Seigneur. Vous vous demandez le pourquoi du comment de cet enchaînement apparemment sans aucune logique ?
Apprenez que Yume Ocha vient d'avoir le sursaut de génie le plus important de toute sa vie.
Pourquoi n'ai-je pas fait le lien plus tôt?
Ça va barder dans le Rukongai.
Prise d'une énergie aussi nouvelle que soudaine, Ocha se releva, et épousseta son kimono avec énergie. Elle claqua le paquet de gâteaux vides dans une poche, et déclara :
-Allez, Hakusho Ha. Plus de temps à perdre, on a une Shinigami fond-de-teintée à arrêter, et un gamin à sortir du Rukongai. Plus le temps de s'apitoyer.

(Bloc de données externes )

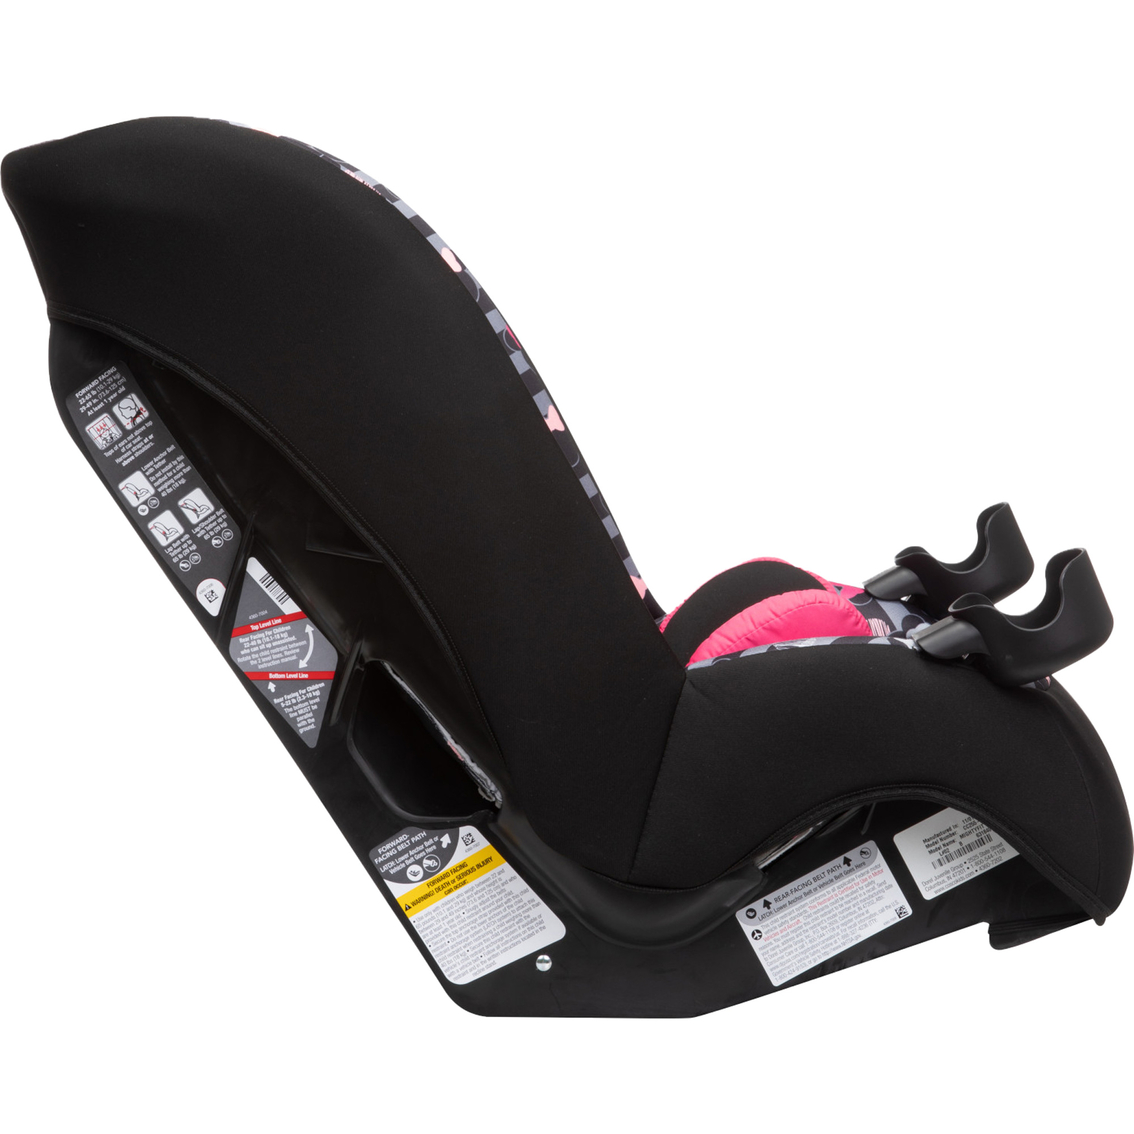 Disney Baby 2 in 1 Convertible Car Seat - Image 9 of 10

-Euh...Yume? T'es sûre que ça va, parce que t'as une lueur vachement inquiétante dans les yeux. Je voulais te motiver un peu, mais...
La voix d'Ha mourut dans sa gorge. Ocha lui tendait la main en un geste impérieux, pour l'aider à se relever. Il accepte son aide dans un état second, et, encore sous le choc, suivit la chevelure verte et ébouriffée qui fonçait vers le Manoir Shiba.
-Temps mort.
-De quoi ?
Ichijiku Kaju, suite à une après midi d'entraînement, un bain et un repas léger, avait entamé une micro-sieste réparatrice d'une demi-heure, en prévision du combat à venir. Il n'avait pas prévu d'être subitement réveillé au bout d'un tout petit quart d'heure par une…

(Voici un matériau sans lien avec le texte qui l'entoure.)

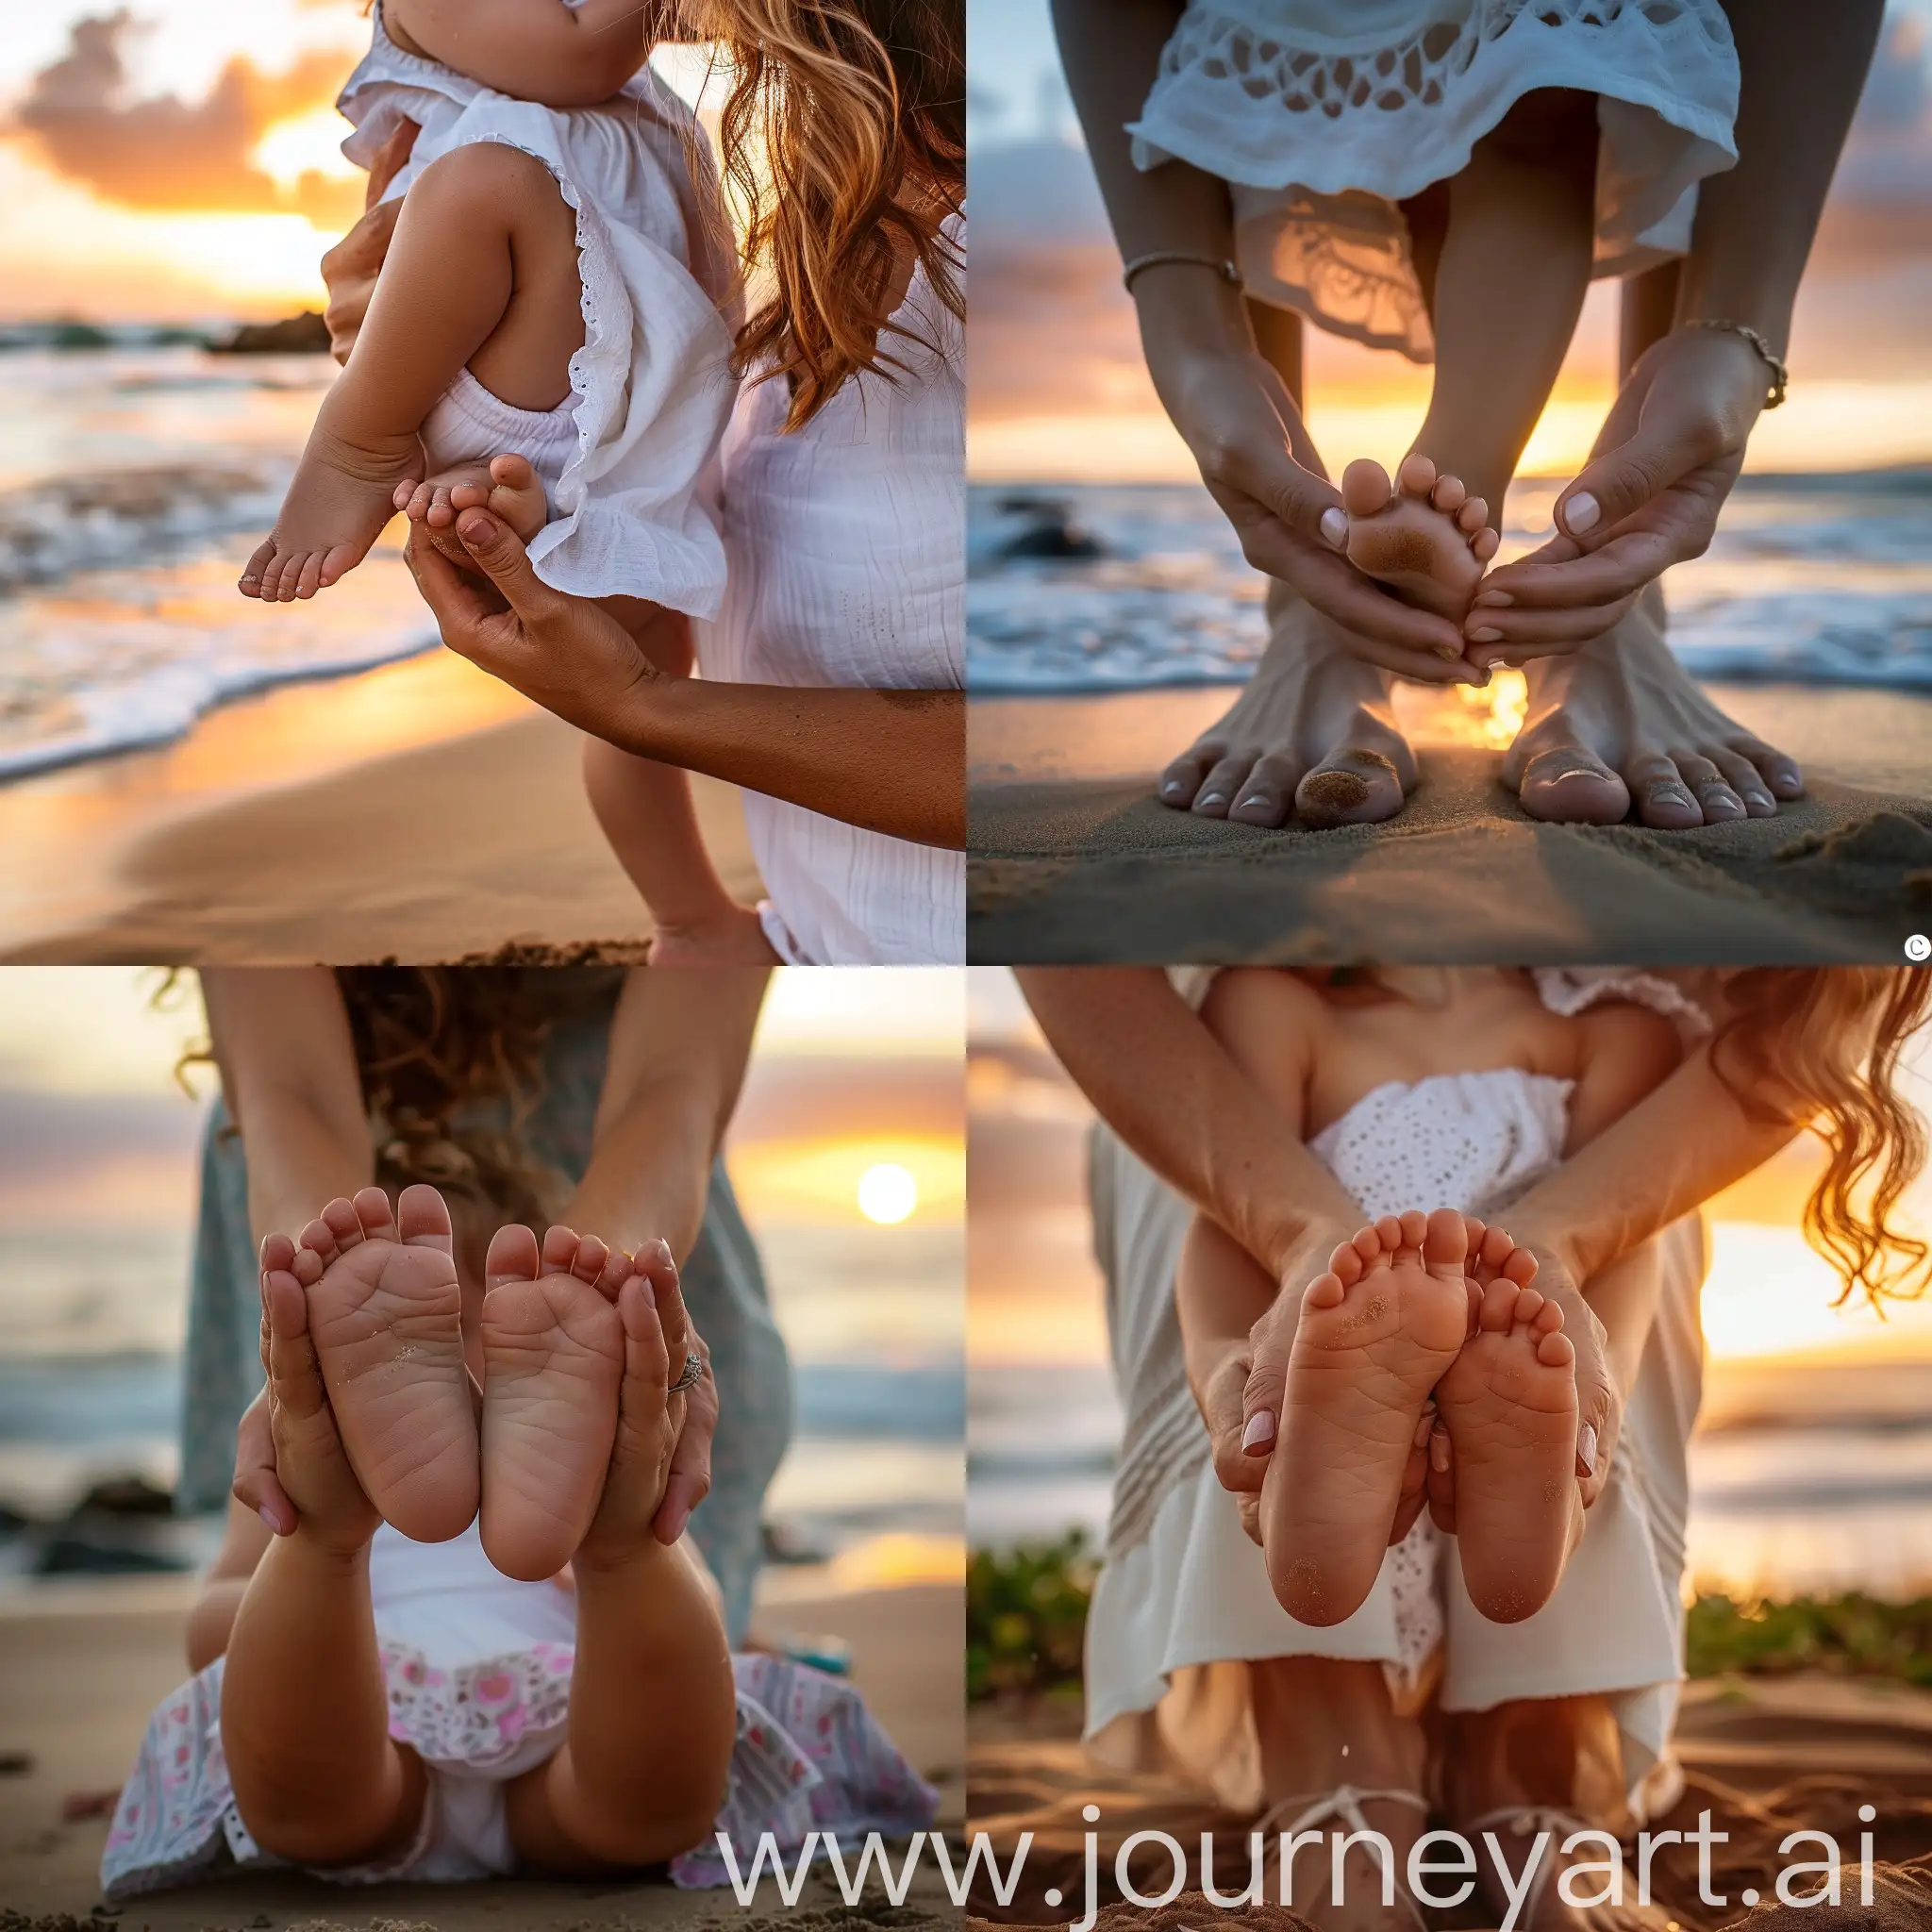 Mothers-Sunset-Kiss-A-Heartwarming-Moment-at-the-Beach

-Espèce de tête de laitue en furie ! Fulminait-il, c'est pour quoi, ce réveil brutal ?
-Paix.
-Avec ton cerveau petit pois, c'est pas facile, je sais, mais fait un effort pour construire des phrases !
-On arrête tout, Ichijiku Kaju. On enterre la hache de guerre. Drapeau blanc.
Kaju me regarde, comme d'habitude. C'est-à-dire, comme si j'étais folle.
-T'es tombée sur la tête ? Toi, fiche-moi la paix.
Il se lève, méprisant et hautain, et se dirige avec dédain vers la porte. D'un signe du menton, j'indique à Hakusho de ne pas intervenir. C'est mon combat. Cette tête de mule l'aura bien cherché.
Je choppe, plus que je n'attrape, le col de Kaju et agit rapidement, profitant de l'incontestable effet de surprise.
-Qu'est-ce qu…
-YAHAAAAA! !
D'un vigoureux mouvement de hanche, je me juche sur son dos, puis sur ses épaules, et lui talonne les côtes avec opiniâtreté.
-Cré-thé-ine ! Descends immédiatement !
-Oh que non, répliquais-je férocement, lui pinçant la peau du cou et du visage sans cesse de lui chatouiller les côtes, pas tant que tu n'auras pas accepté de pacifier nos rapport le temps d'une nuit.
-C'est quoi ce charabia à connotation douteuse ? Vire de mes épaules, t'es lourde !
-Tu ne veux rien comprendre, soupirais-je. Aux grands maux, les grands remèdes.
J'attrape fermement chacune de ses joues et les tire le plus fort possible, avant de relâcher brutalement la pression.
-Cha fait mal ! Lâââche moiiii !
Il se met à tourner dans tous les sens et à ruer comme un taureau fou, mais je tiens bon. Pour combien de temps, je ne sais pas, mais je tiens, je tiens…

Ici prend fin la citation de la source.